I kind of see a pattern here. Whatever the sub is, then that becomes a power in the numerator and a factorial in the denominator, and the a becomes whatever the target number is. But what is the actual math rule that is being applied here?

\(\displaystyle \dfrac{4^{n+1}}{(n + 1)!} = \dfrac{4(4^{n})}{(n + 1)n!}\) What's going on with this line?

 

[Jason76]

pre-cal was a summer course, so I will do some review on my own. The thing with \(\displaystyle 4^{n + 1}\) was a decomposition expression. You would have to spot those, which can be tricky.
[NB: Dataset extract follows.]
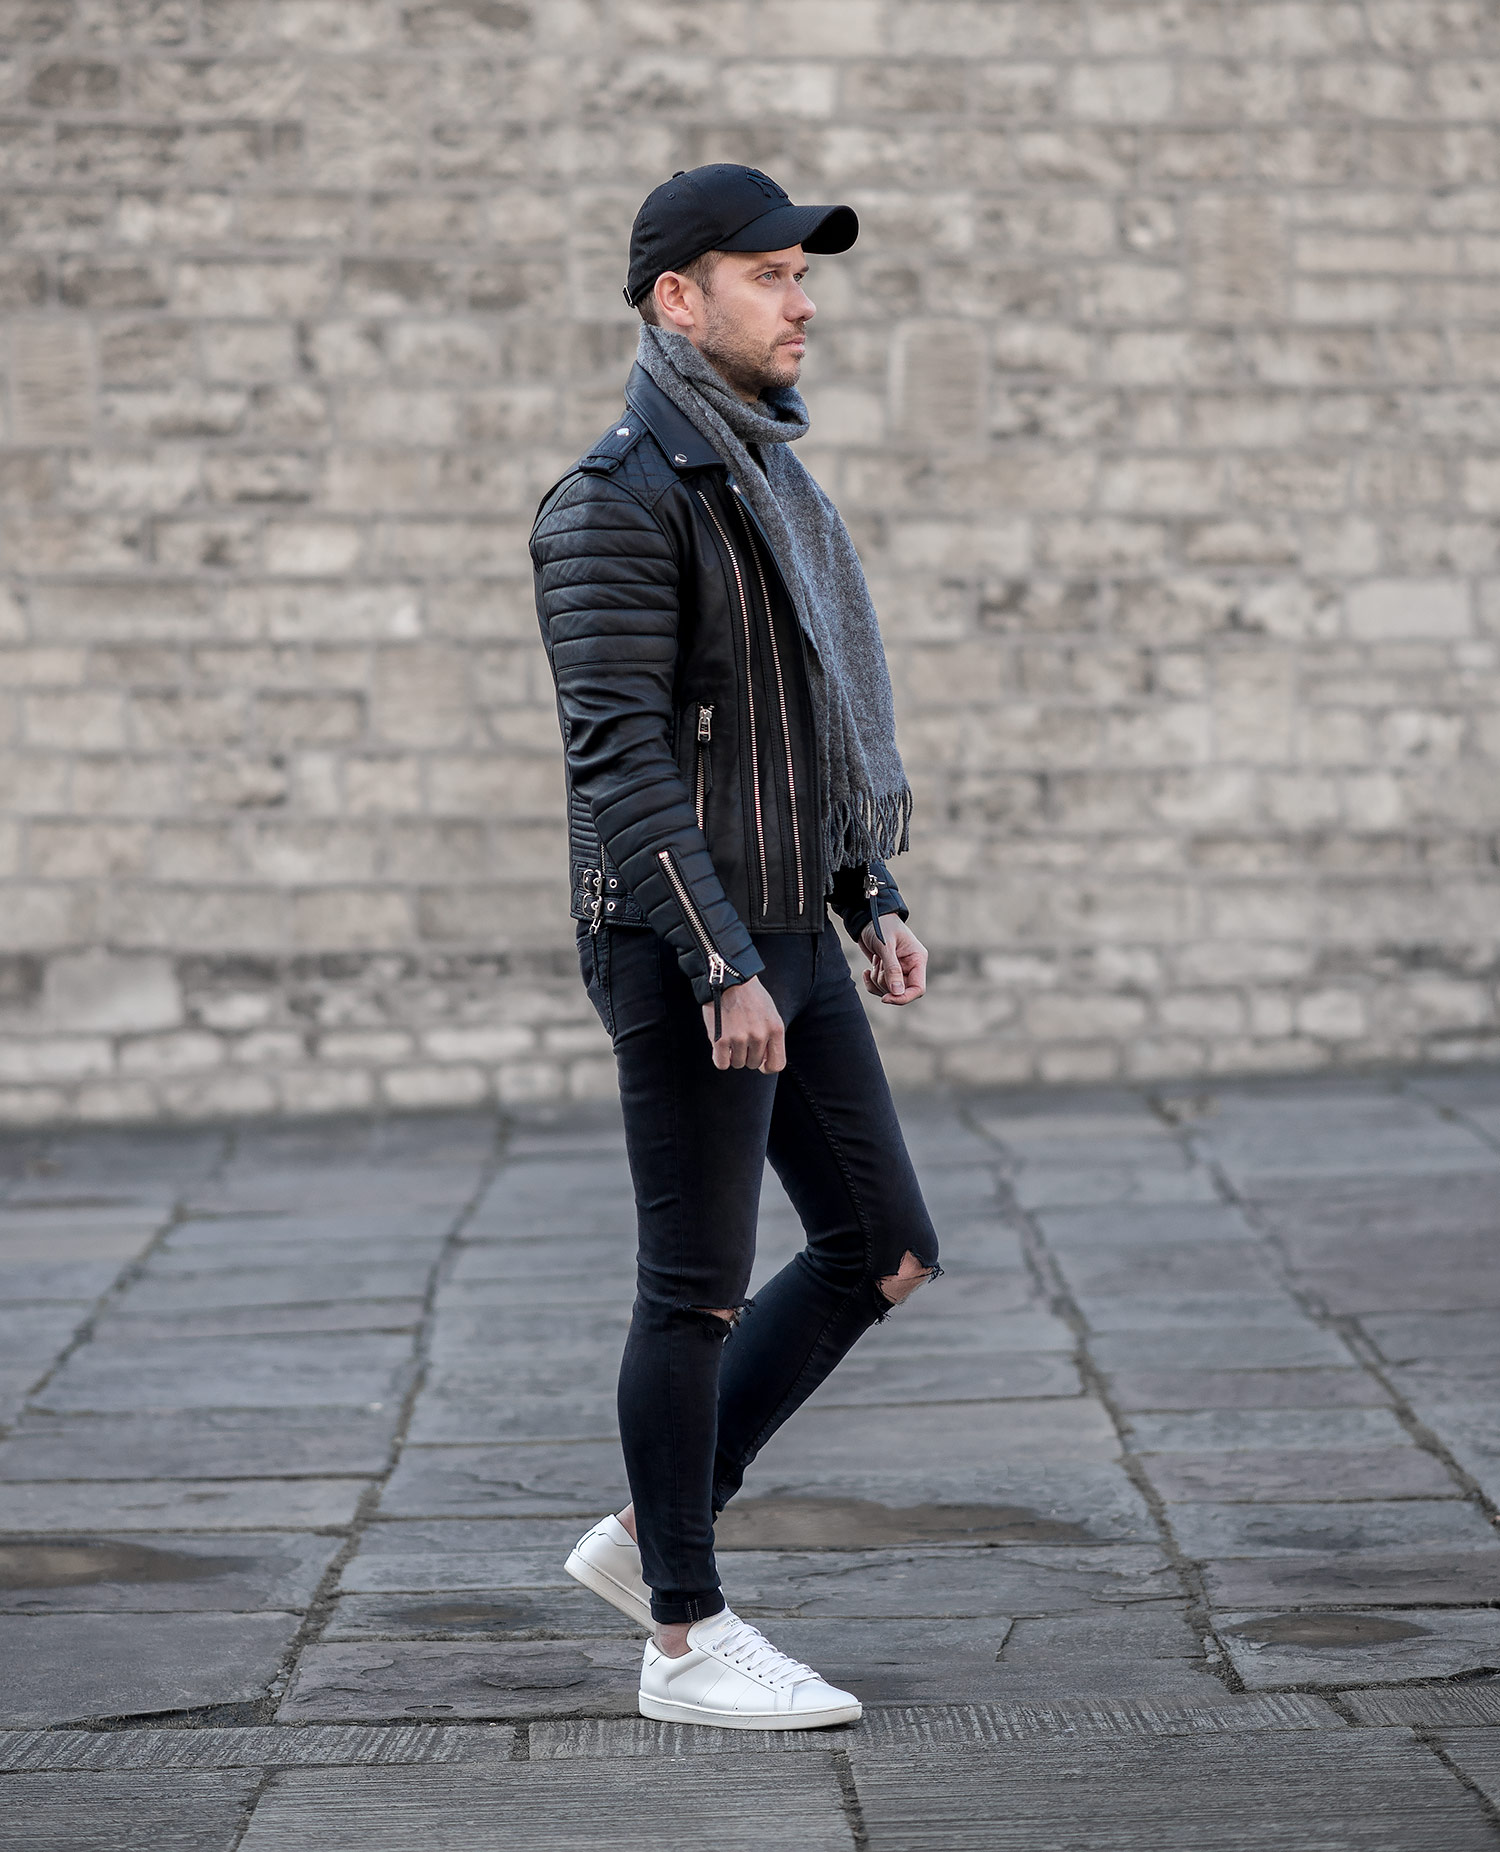 Boda Skins Biker Jacket Winter Style - Your Average Guy
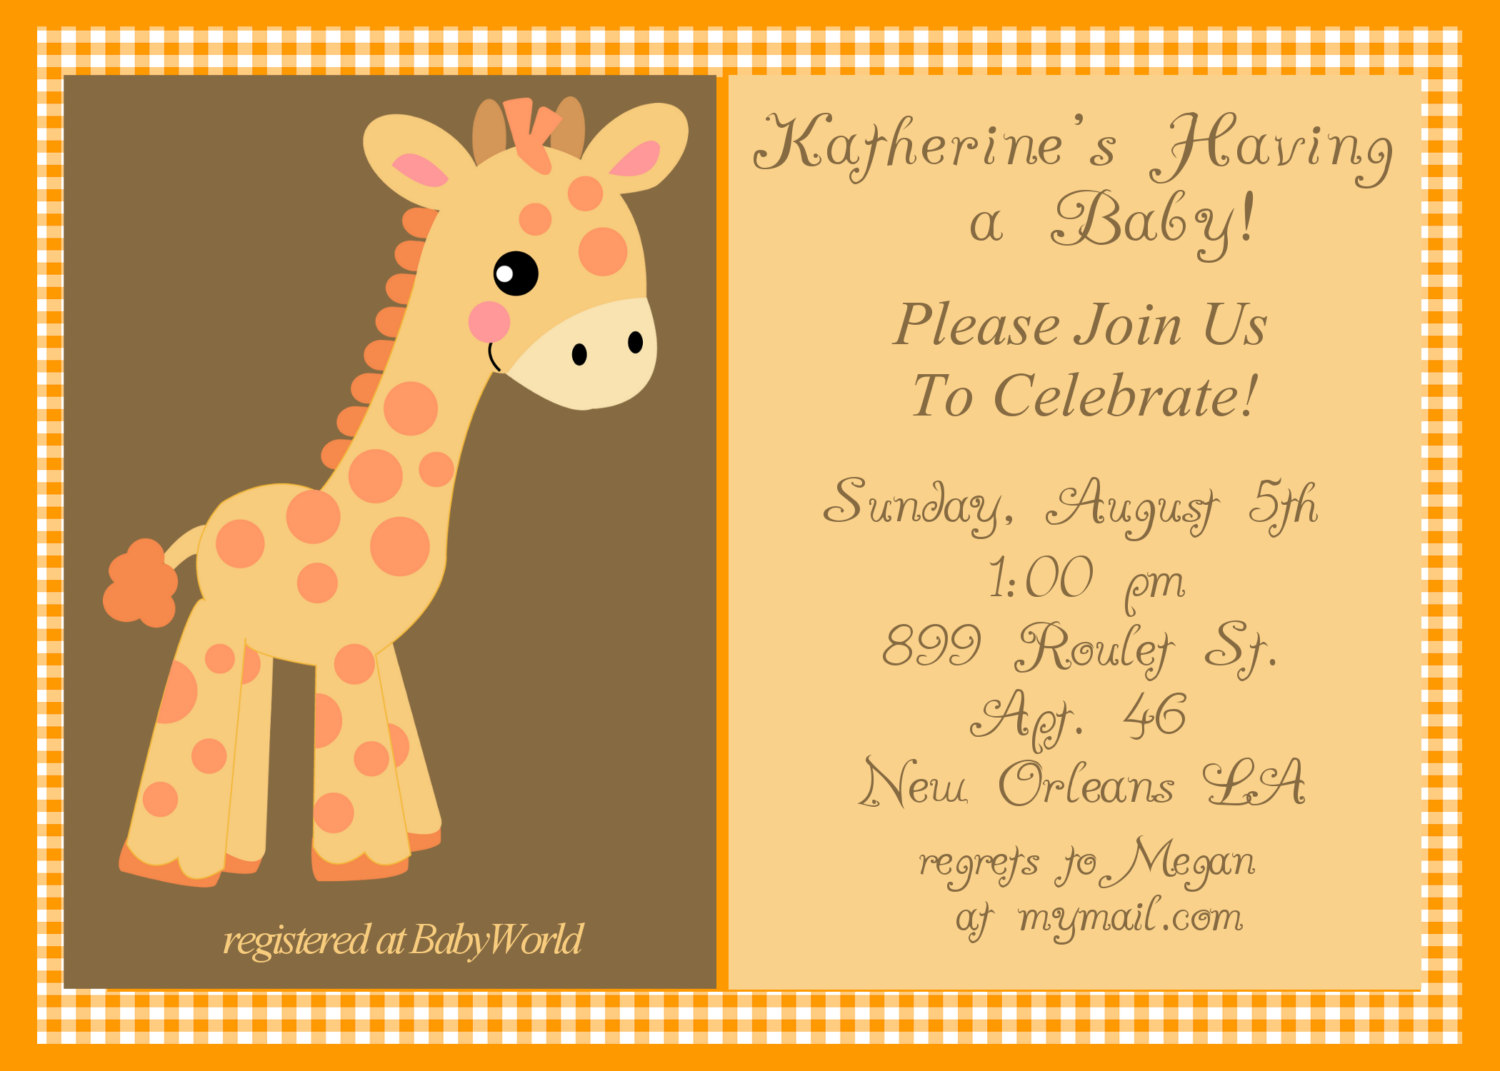 giraffe-baby-shower-invitations-dolanpedia-invitations-ideas

Usually your going from simple to complex, not visa versa. Otherwise everything else written makes sense (except for a few things). So now we have:

\(\displaystyle \lim n \rightarrow \infty \dfrac{4}{n + 1} = 0\) so \(\displaystyle 0 < 1\) therefore this thing converges.

 

[Jason76]

Again, though, I don't understand

\(\displaystyle a_{n}\) becoming \(\displaystyle \dfrac{a^{n}}{n!}\) and

\(\displaystyle a_{n + 1}\) becoming \(\displaystyle \dfrac{a^{n+1}}{(n + 1)!}\)

I see a pattern going on, but don't know the reasoning behind it.

 

[daon2]

Again, though, I don't understand

\(\displaystyle a_{n}\) becoming \(\displaystyle \dfrac{4^{n}}{n!}\) and

(replaced a with 4). This is the definition of \(\displaystyle a_n\). It doesn't "become" \(\displaystyle a_n\).

\(\displaystyle a_{n + 1}\) becoming \(\displaystyle \dfrac{4^{n+1}}{(n + 1)!}\)

You get this by replacing every n you see with an (n+1).